= Records provided =
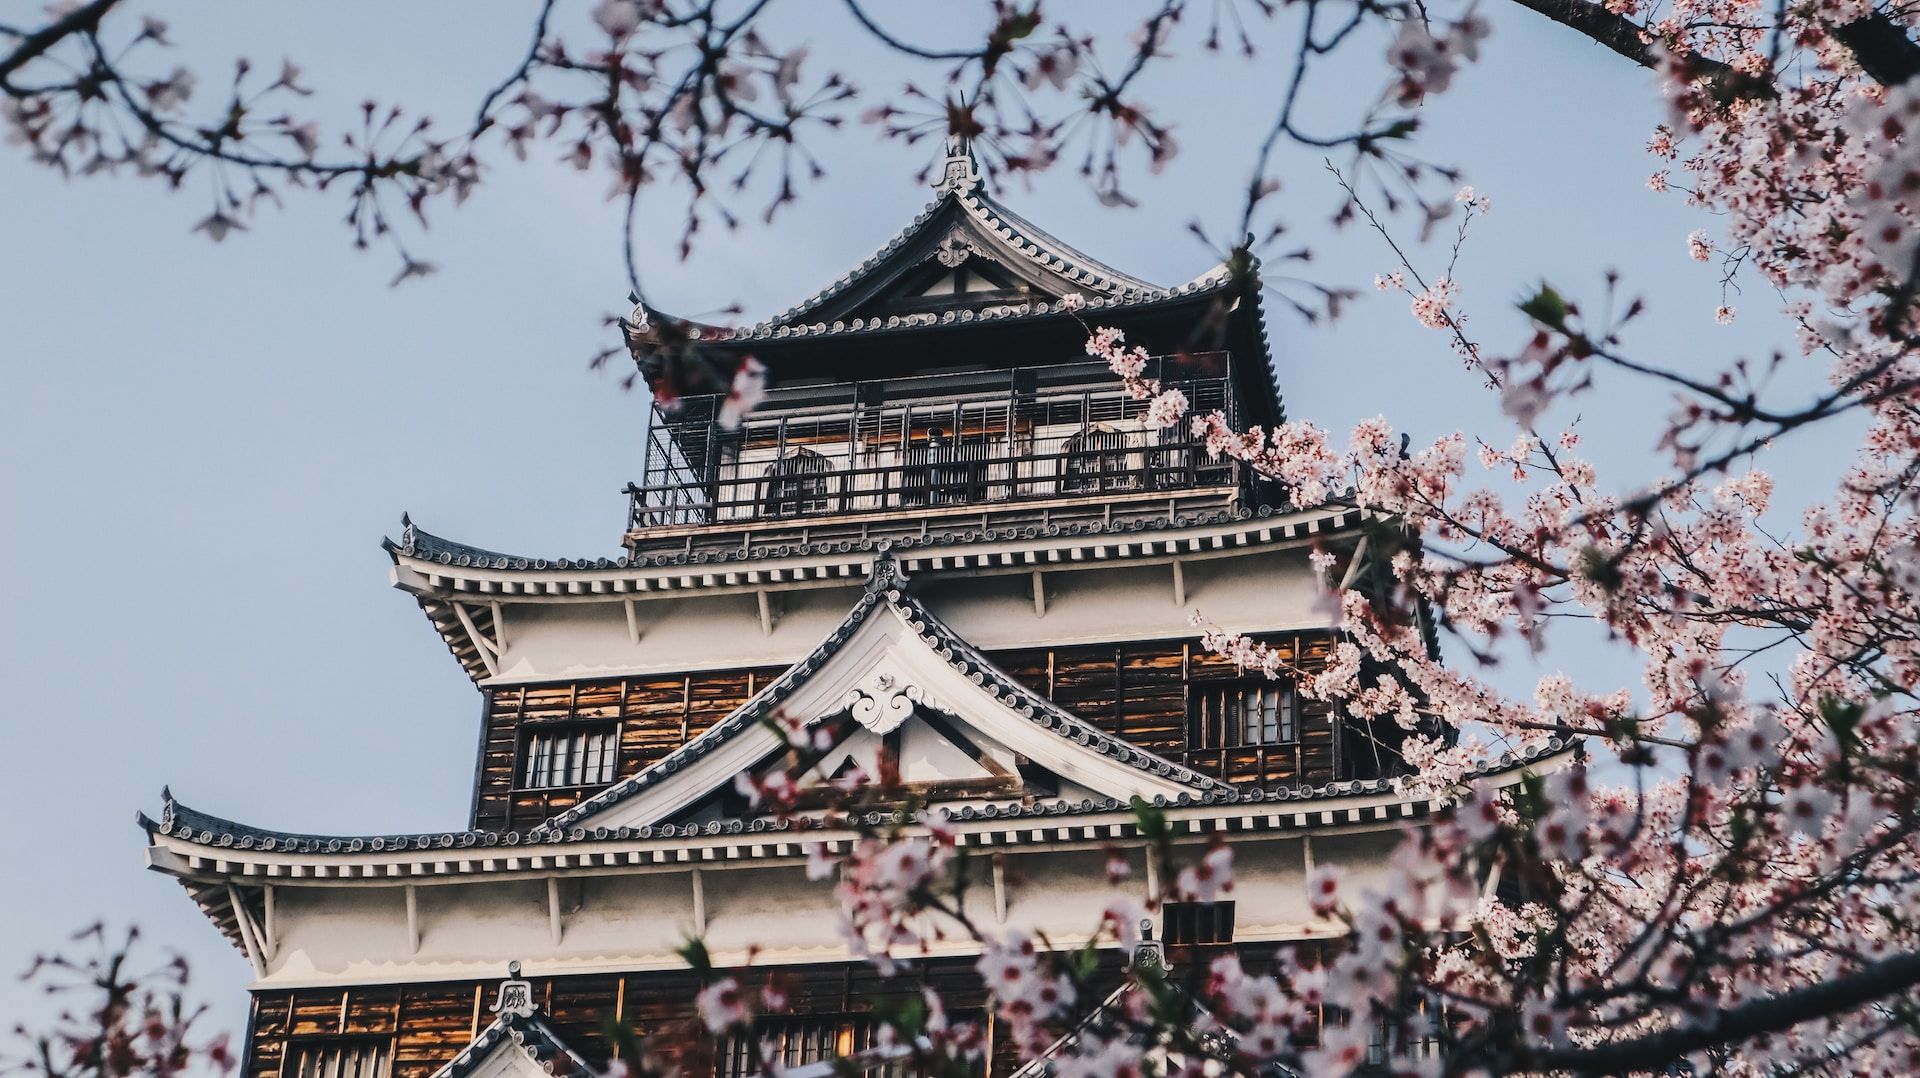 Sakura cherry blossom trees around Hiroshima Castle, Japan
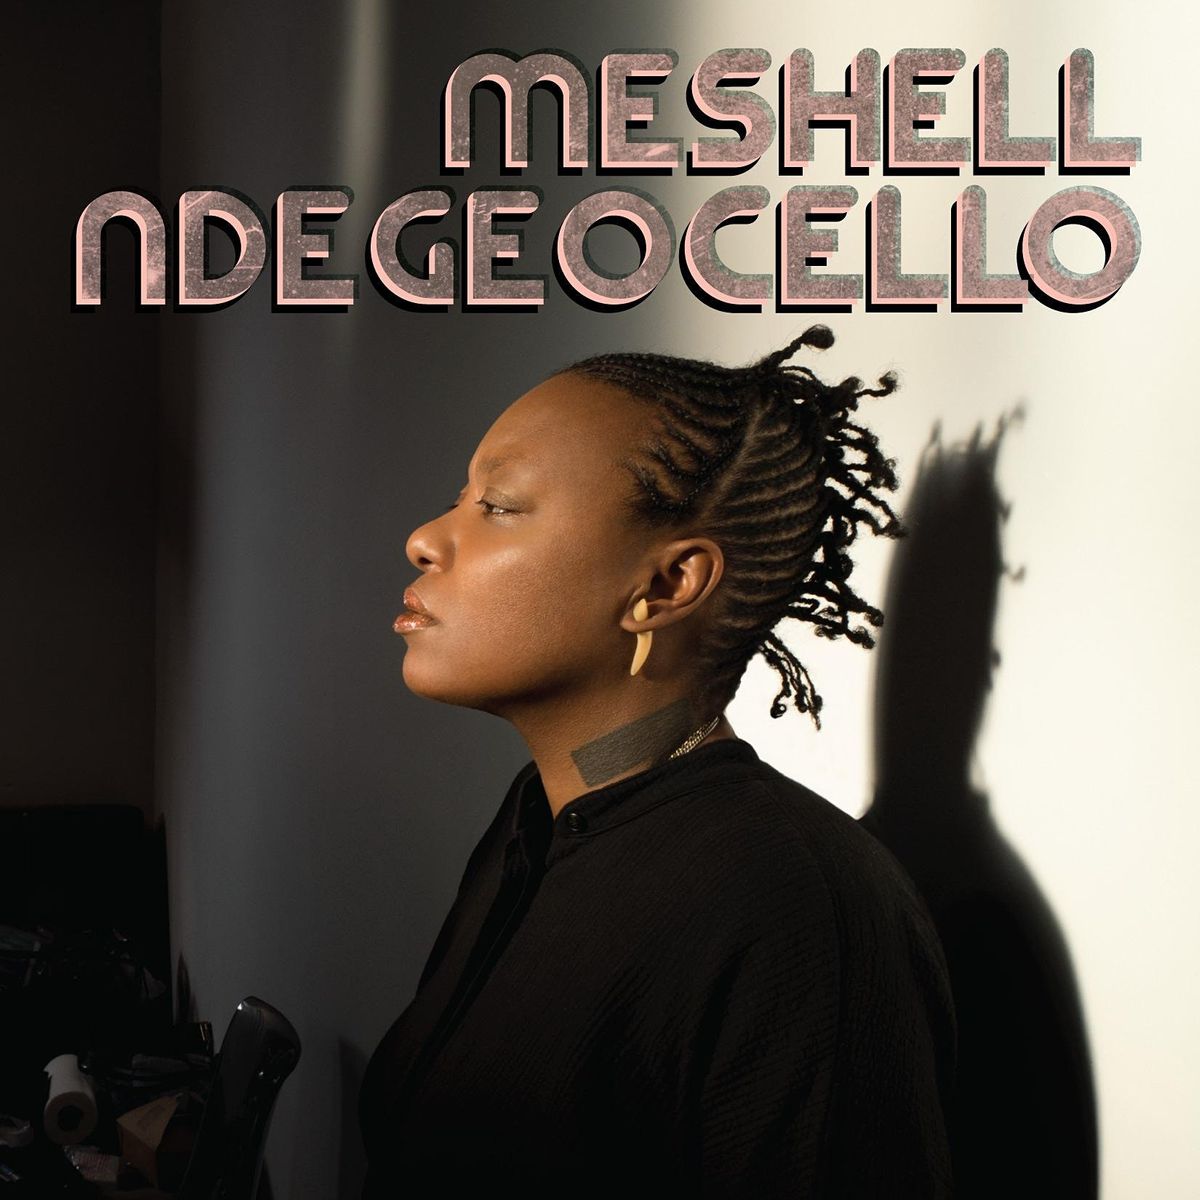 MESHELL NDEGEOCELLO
---
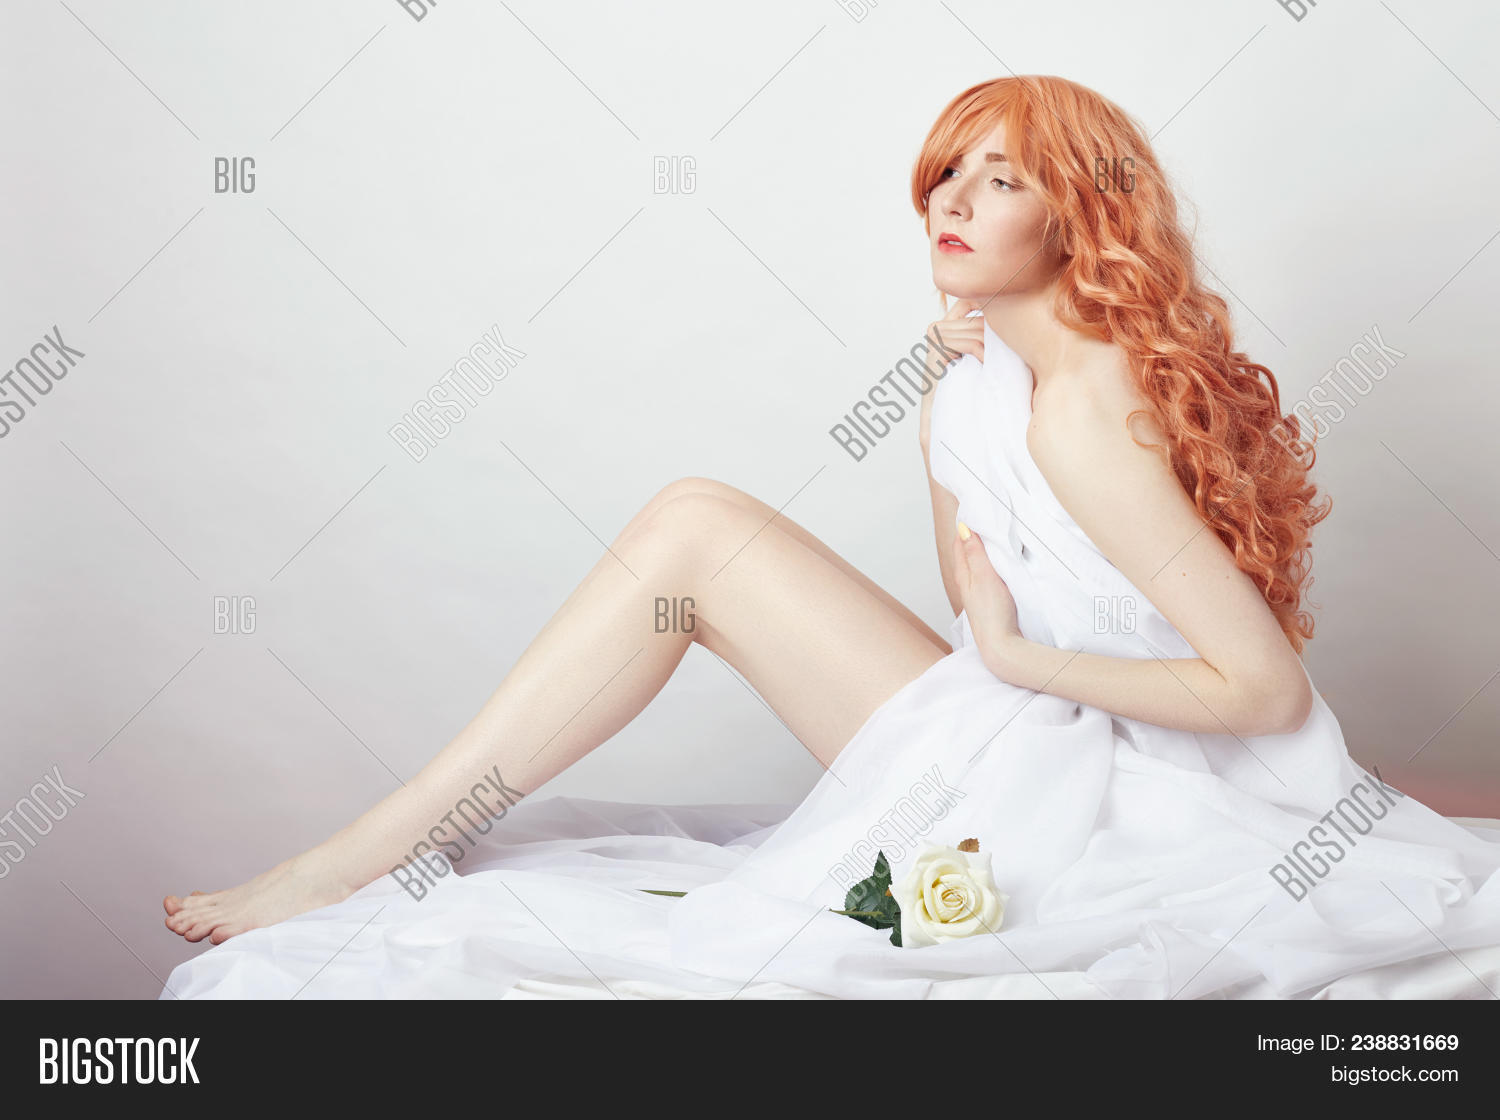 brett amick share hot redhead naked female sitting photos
--
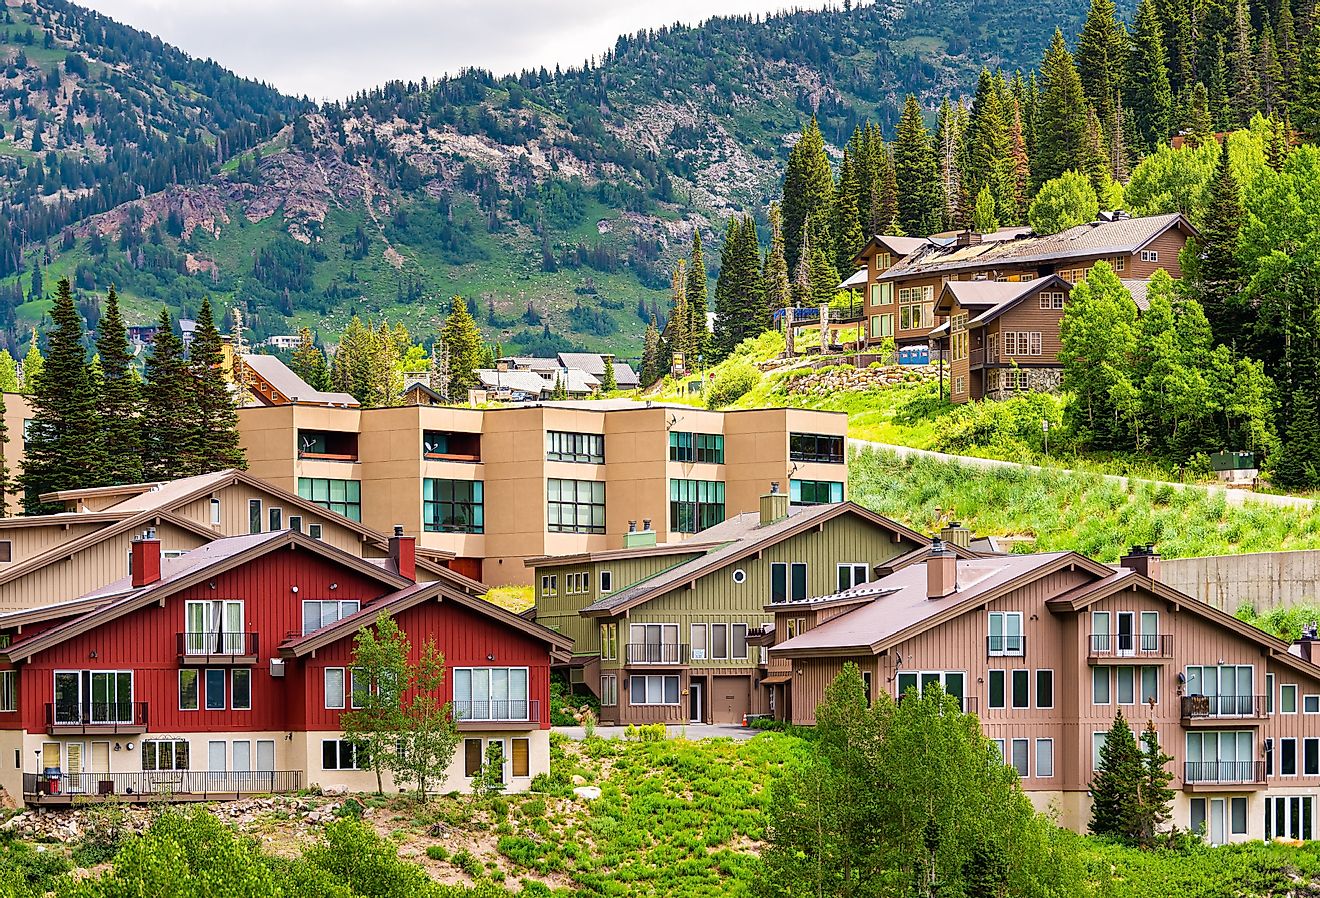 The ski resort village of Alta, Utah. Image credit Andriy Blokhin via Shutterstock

= Task instructions =
With the pictures removed, print only the lines starting at the line that has "Sakura cherry blossom" and ending at the line that has "MESHELL NDEGEOCELLO", both ends included, exactly as they stand above.

= Written solution =
 Sakura cherry blossom trees around Hiroshima Castle, Japan
 MESHELL NDEGEOCELLO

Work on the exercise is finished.